Бюджет сверстан исходя из того, что инфляция будет составлять 4% три года подряд. Но она не может быть одинаковой три года подряд в принципе. Как у человека не может быть одинакового пульса три часа подряд. И это положено в основу государственной политики.
Что же произошло? Банк России сказал: наш целевой показатель инфляции 4%, мы достигнем его в следующем году. Минэкономразвития взяло под козырек и заложил эту цифру в прогноз. После чего Банк России одумался и сообщил, что 4% будут только к концу 2026 года, а средняя инфляция года окажется выше. Но было поздно — прогноз уже сформирован и одобрен.
Это институциональная безответственность.
Базовые параметры диктует Банк России, который потом говорит: «Кстати, ребята, а мы тут передумали!» В такой ситуации говорить о бюджетном прогнозе на 2042 год в лучшем случае нелепо.
Что дальше

Владимир Гердо / ТАСС
Мы уже находимся в кризисе, и усиление налогового давления предельно красноречиво, — особенно на фоне контролируемых этническими группировками безеналоговых зон вроде всем известных оптовых рынков.
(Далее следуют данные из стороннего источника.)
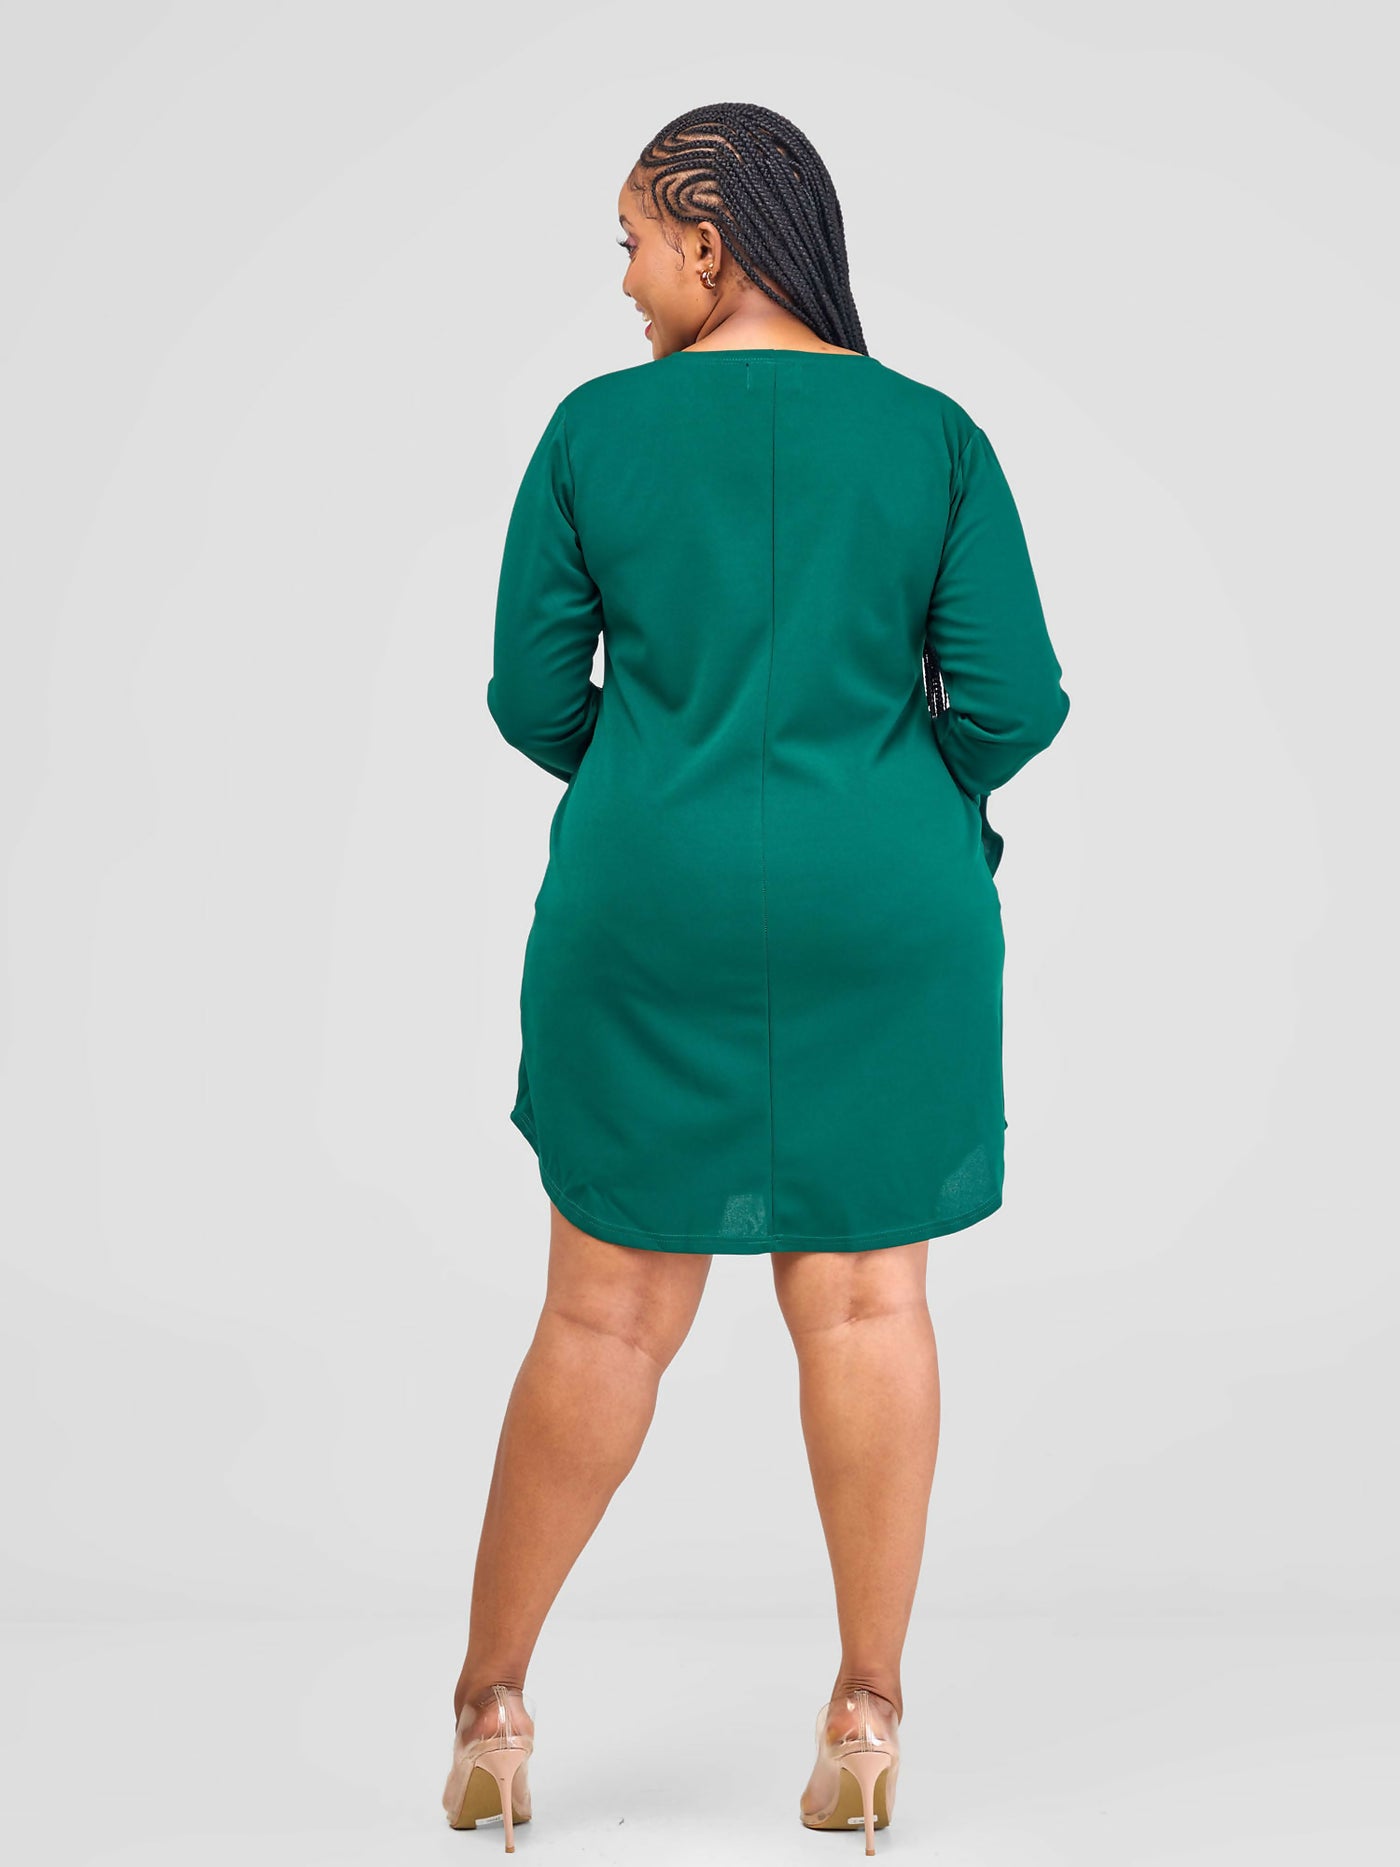 Lizola Barbra Shift Dress - Green - Shopzetu

Малому предпринимателю станет сложнее, в том числе из-за сугубо технических трудностей расчета НДС. Часть бизнесов закроется, часть сократит доходы, часть уйдет под контроль этнических преступных группировок, которым налоги платить не нужно. Это приведет к качественному усилению этих криминальных объединений — расширению их финансовой и экономической базы, а значит, политической значимости.
При этом банки — у которых самая высокая прибыль — могут получить налоговые льготы на рекламу. В первом чтении Госдума уже проголосовала за этот закон, «Единая Россия» его одобрила, все в восторге. Больше всех в поддержке у нас, значит, нуждаются именно банки. Такова логика либеральной, то есть служащей финансовым спекулянтам экономической политики.
Тем временем слово «министр» стало ругательством. Меня в этом году так обозвали — и по контексту это было тяжкое оскорбление, предполагающее отсутствие мыслительных способностей. Было очень обидно. Это многое говорит о репутации социально-экономической политики государства.
Мы входим в новый год с экономикой, которая реально сокращается, с инвестиционным спадом, с бюджетом, который невозможно обосновать даже перед депутатами, с прогнозами, оторванными от реальности.
«Мягкая посадка» может в любой момент превратиться в падение, и это всеми силами пытаются не замечать. И главный вопрос, на который либеральный экономический блок не может ответить, звучит предельно просто: зачем вы это делаете?